Block style (|, <) is overruled with quoted style (") if the string contains trailing spaces. I don't see any reason for this, and the fact that I can't force a certain style (even it means losing information) has caused me a lot of grief.
I agree that trailing spaces shouldn't be a reason to disallow block scalars. Can't say what changes are needed to allow this, though. If we could integrate https://github.com/yaml/yaml-test-suite and check that parsing the output again returns the same parsing events we could make sure that we don't break anything.
@oulenz, can you provide a small code sample of where this is causing you grief?
The emitter should never lose information. It has to check that the data can be expressed in the style requested (or make the best (yes, opinionated) choice, when no style is requested).
Trailing whitespace would be collapsed in folded < style, and is not visible in literal |. I can see why this choice was made.
I'd like to see a bit of what you are doing to see if it is worth the trouble to allow trailing spaces in (explicitly requested) literal.
@ingydotnet I agree loss of information is not an option.
For literal | block style it's easy to imagine use cases IMHO.

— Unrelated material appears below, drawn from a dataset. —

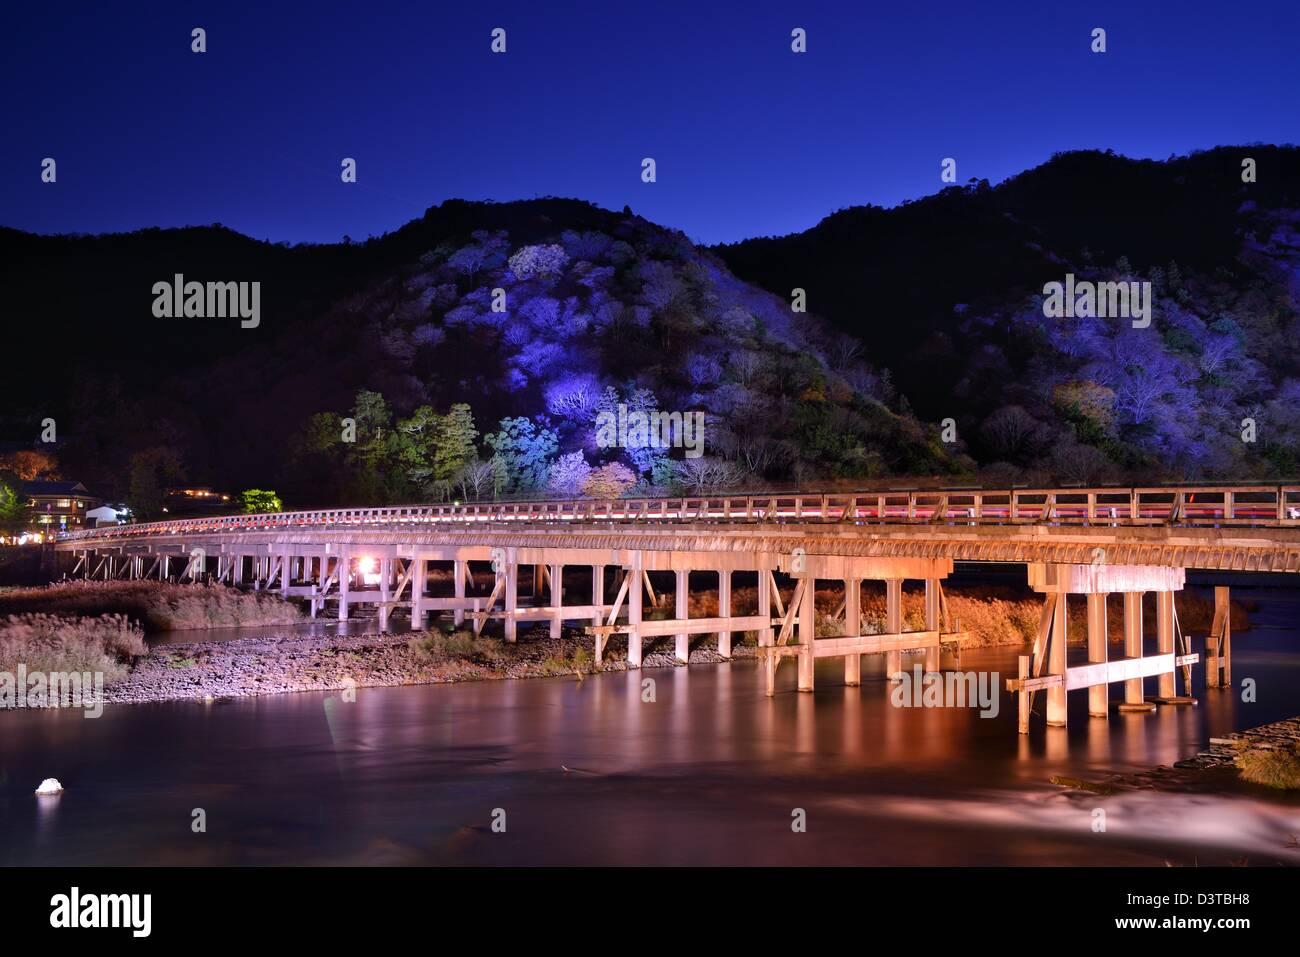 El histórico Puente Togetsukyo, iluminado por la noche en el distrito Arashiyama de Kyoto, Japón. Imagen De Stock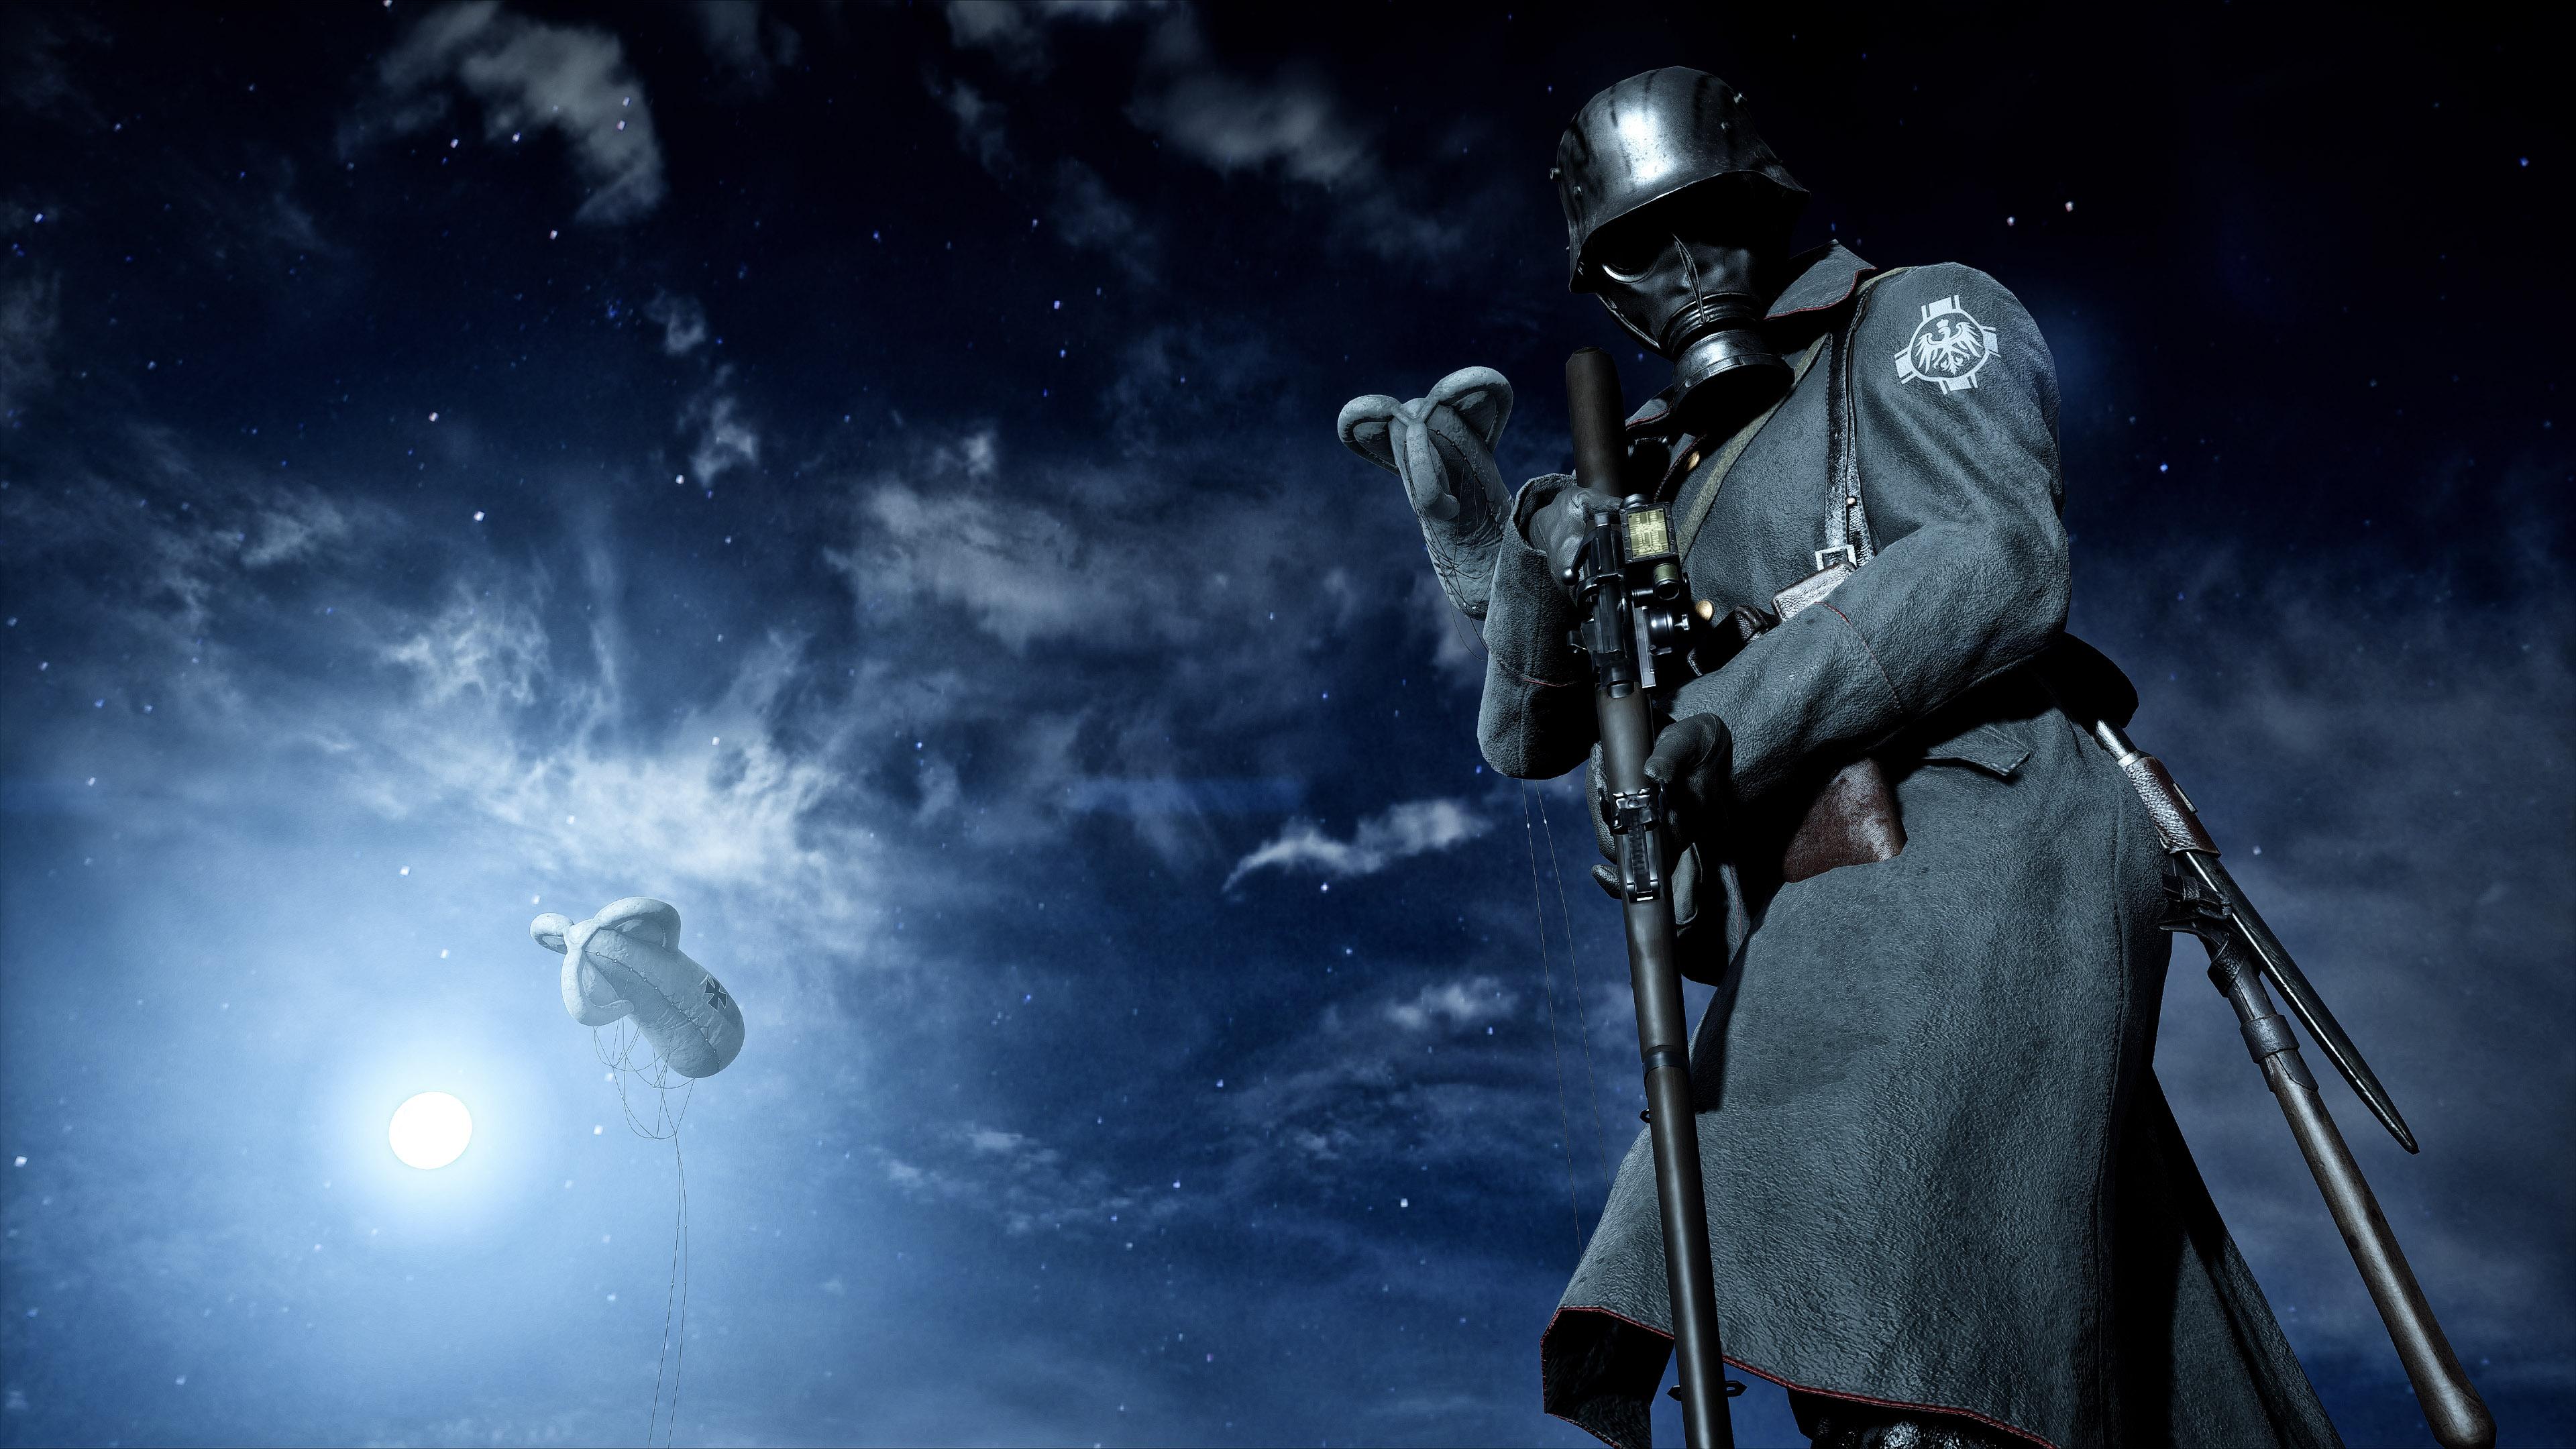 Battlefield 1 4k Ultra Tapeta Hd: 4k Battlefield 1, HD Games, 4k Wallpapers, Images

If you have text data in a specific format that requires trailing spaces, you still might want to dump it as a block scalar for readability.
some text format: |
line 1___
line 2
line 3
Folded style is used when you have long lines. Imagine you have a long input line, with words seperated by different amount of spaces.
# _ == trailing spaces
foo: >
xxxxxxxxxx xxxxxxxxxx xxxxxxxxxx xxxxxxxxxx____
xxxxxxxxxx xxxxxxxxxx xxxxxxxxxx xxxxxxxxxx____
xxxxxxxxxx xxxxxxxxxx xxxxxxxxxx xxxxxxxxxx____
xxxxxxxxxx xxxxxxxxxx xxxxxxxxxx xxxxxxxxxx____
The emitter now tries to break this up into several lines to get below a limit of characters per line.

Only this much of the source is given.